A month after the capture of Acre, Al-Ashraf Khalil sent a force led by Emir al-Shuja'i to Sidon. The Knights Templar, as their fortune had been brought to Sidon earlier by Theobald Gaudin, the new Master of the Temple, decided to take refuge inside a castle that was built on an isle ca. 90 meters from the shore. Gaudin took the fortune and left for Cyprus after he promised his followers to send reinforcement from Cyprus. But Gaudin never sent anything and his followers had to fight till they fled by sea, in the night, to Tartous after they saw the Muslims building a bridge. Emir al-Shuja'i ordered the destruction of the sea castle on July 14 .
After the capture of Sidon, al-Shuja'i marched to Beirut. Beirut, which had a small garrison, was an important trading seaport for the Crusaders. Eschiva of Ibelin, the Lady of Beirut, thought she was secure because she had a truce with al-Ashraf Khalil's father Qalawun. al-Shuja'i summoned the commanders of the garrison and arrested them. Seeing the commanders arrested, everyone fled by sea. Beirut was taken by the Muslims on July 31. al-Shuja'i ordered the razing of its walls and castles and turned its Cathedral to a Mosque.
Haifa was captured on July 31, with little resistance. Tartus was besieged by Emir Bilban and the crusaders had to flee to the nearby island of Arwad  and was captured on August 3, followed by Atlit on August 14. Nothing was left for the Franks except the Island of Arwad which was captured by an Egyptian army later in 1302 .
In 1292, Al-Ashraf Khalil accompanied by his Vizier Ibn al-Salus arrived to Damascus and left - via Aleppo - to besiege the castle of Qal'at ar-Rum (Hromgla in Armenian). Qal'at ar-Rum, which was the seat of the Patriarch of Armenia, was besieged by more than 30 catapults  and was captured after 30 days by Khalil, who renamed it Qal'at al-Muslimin (Castle of the Muslims) . Khalil left Emir al-Shaja'i at the castle and returned to Damascus with prisoners. The population of Damascus bid farewell to the victorious Sultan on his way to Cairo at night with thousands of lighted candles. The Sultan entered Cairo from the Victory Gate (Bab al-Nasr) and was greeted by the celebrating population, also with thousands of lighted candles .
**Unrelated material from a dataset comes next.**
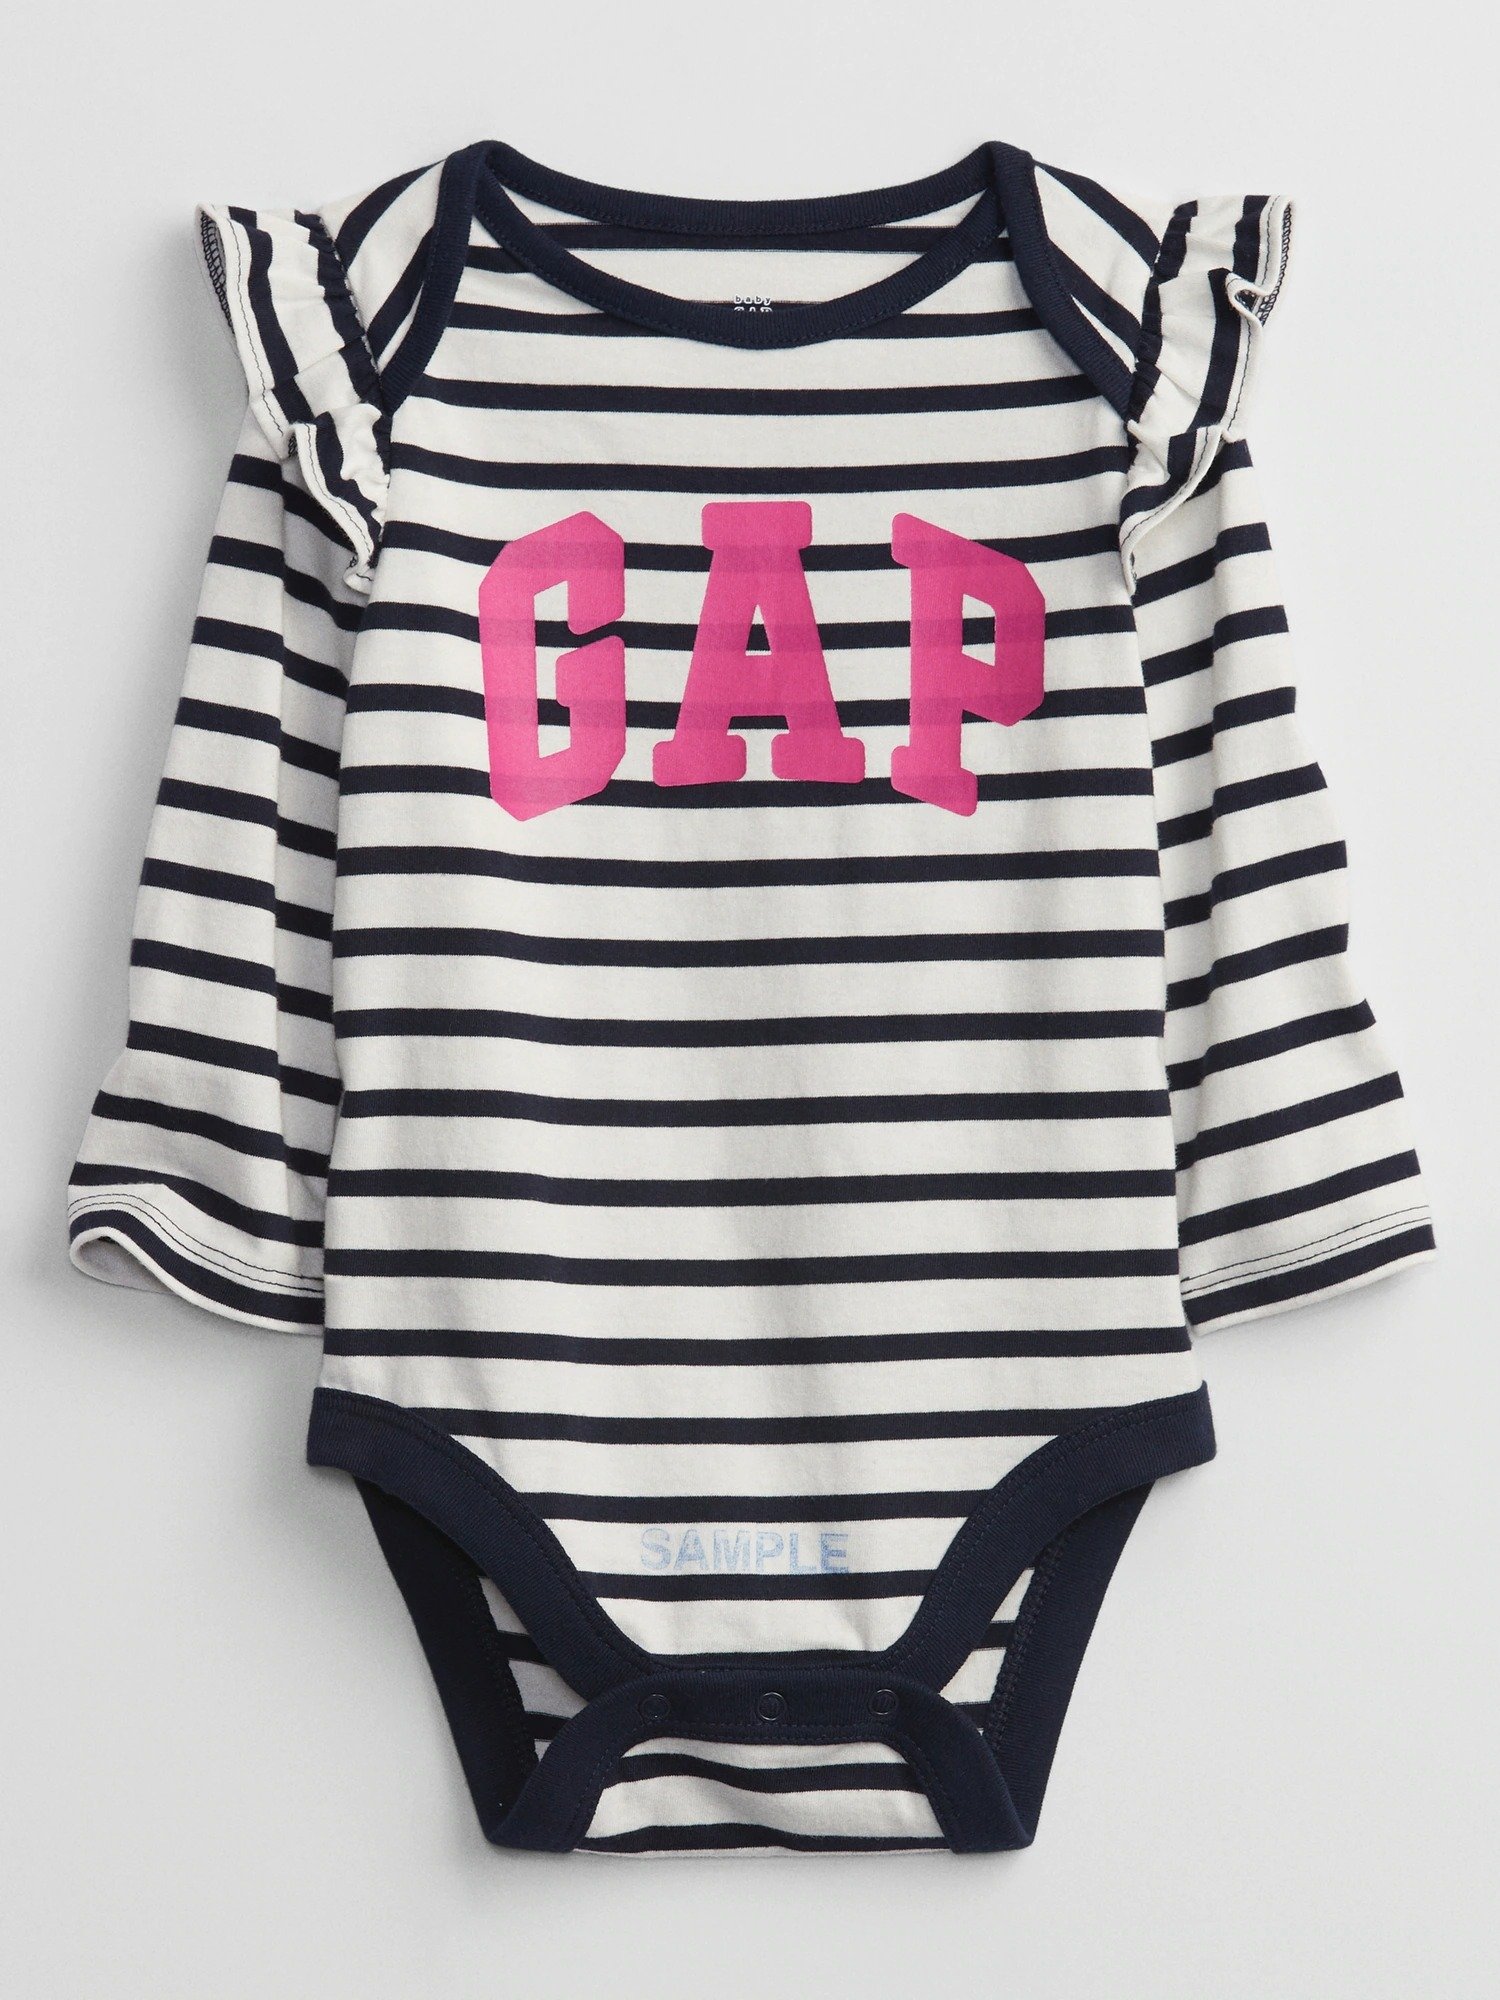 Gap Logo Baby Bodysuit product image
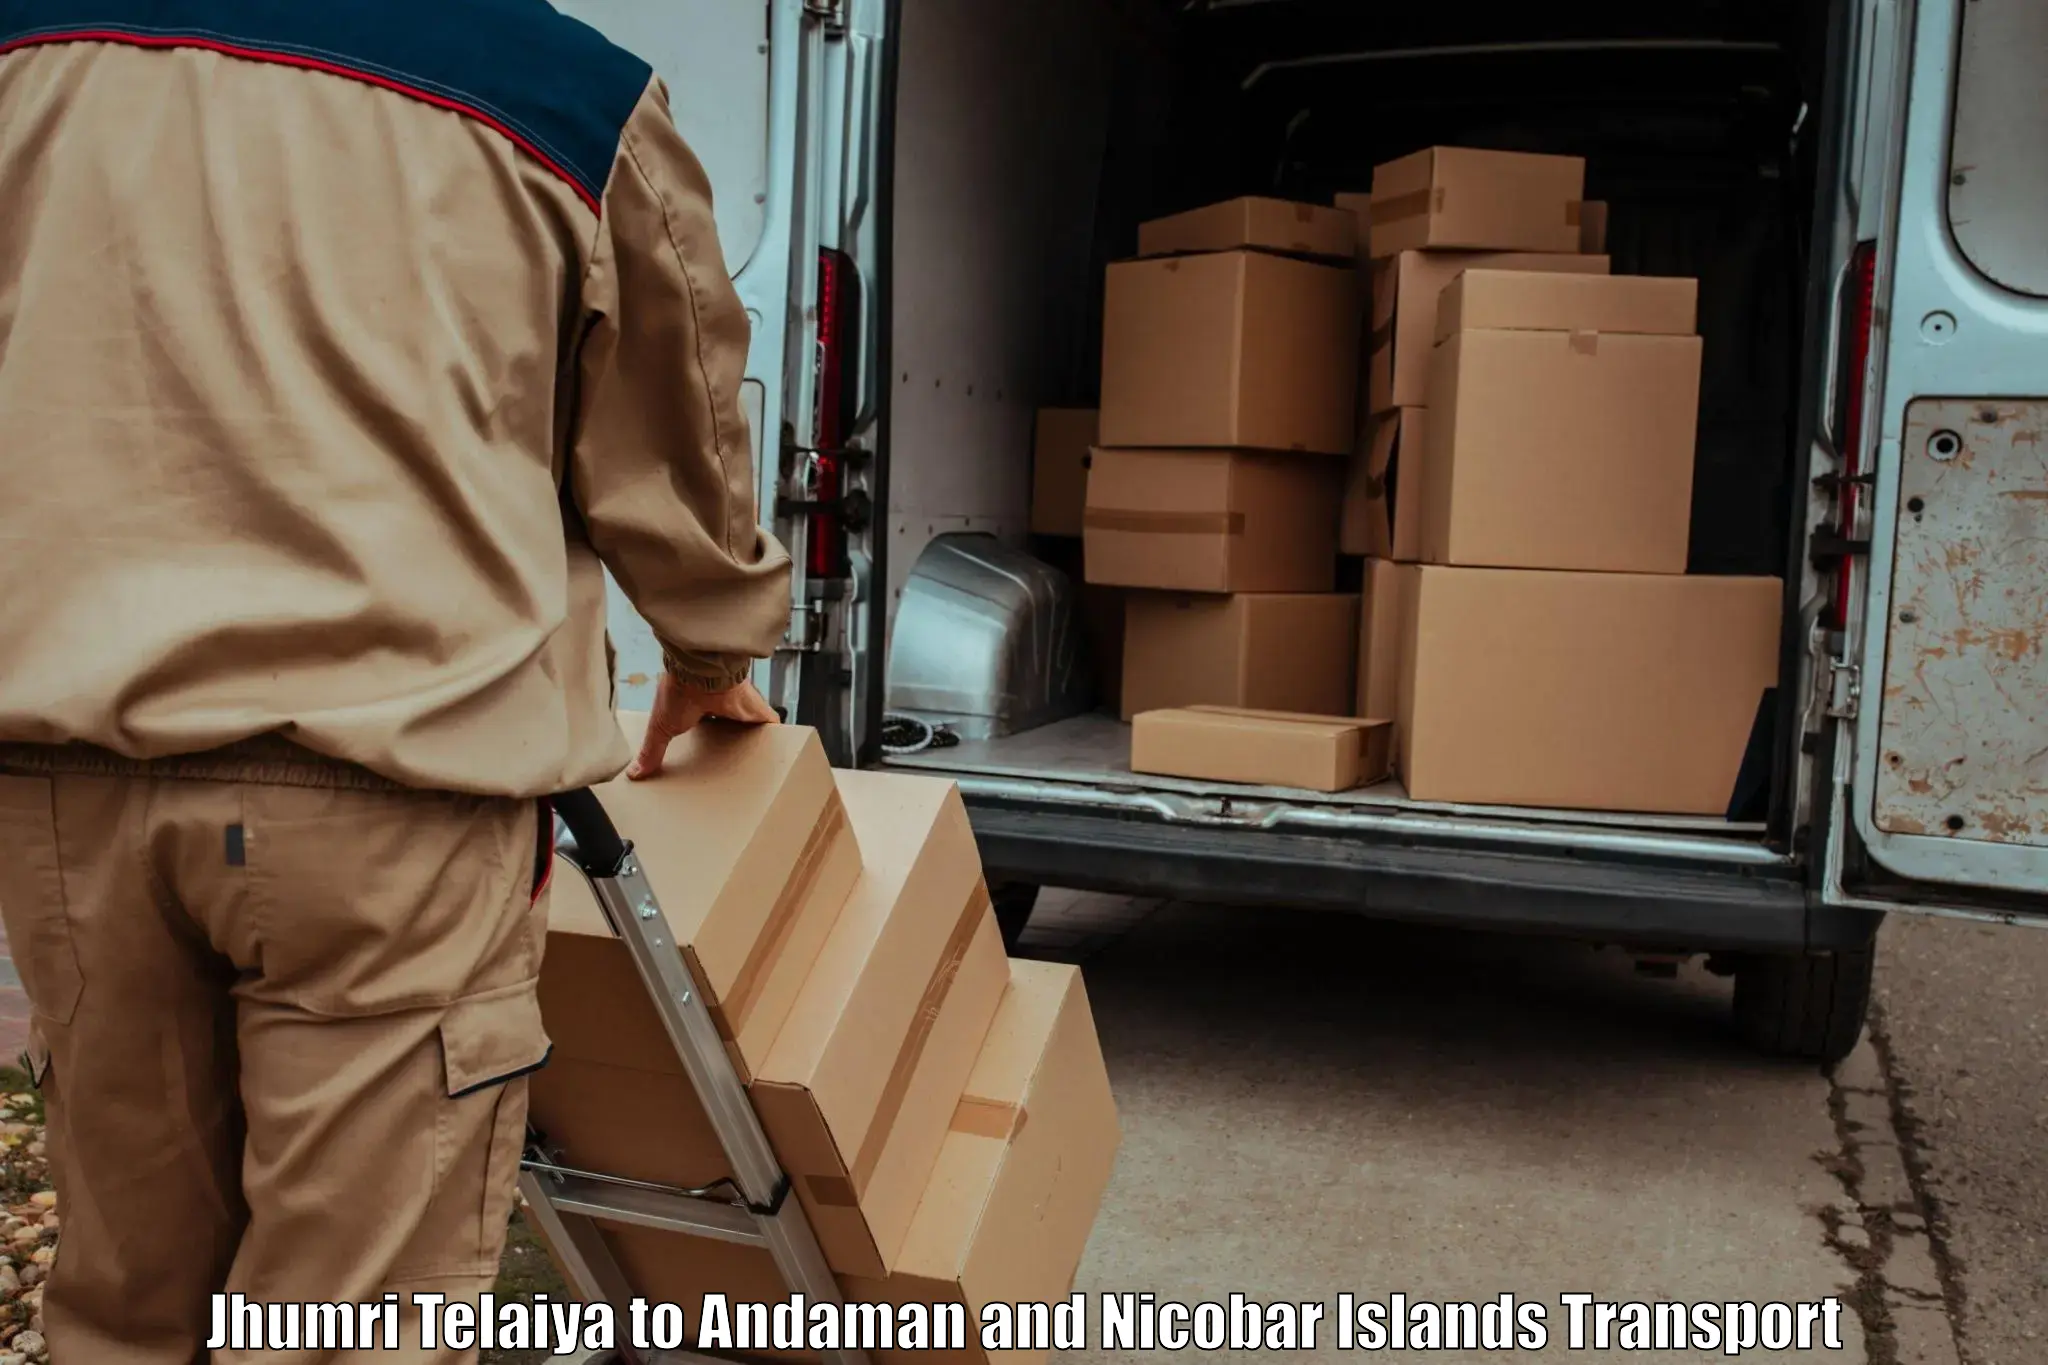 Truck transport companies in India Jhumri Telaiya to Andaman and Nicobar Islands

The Sultan returned to Damascus and assembled an army to invade Sis , the capital of the Armenian Kingdom of Cilicia, but Armenian messengers arrived to Damascus and appealed to him not to attack Sis. Til Hemdun, Marash and Behesni were given to the Sultan in exchange for peace. On the other hand, Khalil had good relations with the Kingdom of Cyprus, the Kingdom of Aragon, and the Kingdom of Sicily, who had commercial and military treaties with him.
The process of conquering the crusader kingdom, begun by Saladin in 1187, was finally completed by . Al-Ashraf Khalil who was also planning to attack Cyprus  and the Mongols in Baghdad .
The Crusaders were shocked. Their 200 years of effort had gone in vain. The crusaders' kingdom of Jerusalem had already been destroyed by Saladin, Baibars and Qalawun, and Louis IX's Seventh Crusade against Egypt ended in a complete failure, but the crusaders tried to keep their strongholds on the Syrian coast intact, hoping to be able one day to recapture what they had lost. Pope Nicholas IV tried to act but he died in 1292  , and the European kings, who became involved in internal conflicts and struggles , became unable to organize new effective crusades. As for the Templars, they were accused of heresy in Europe and badly persecuted by King Philip IV of France and Pope Clement V.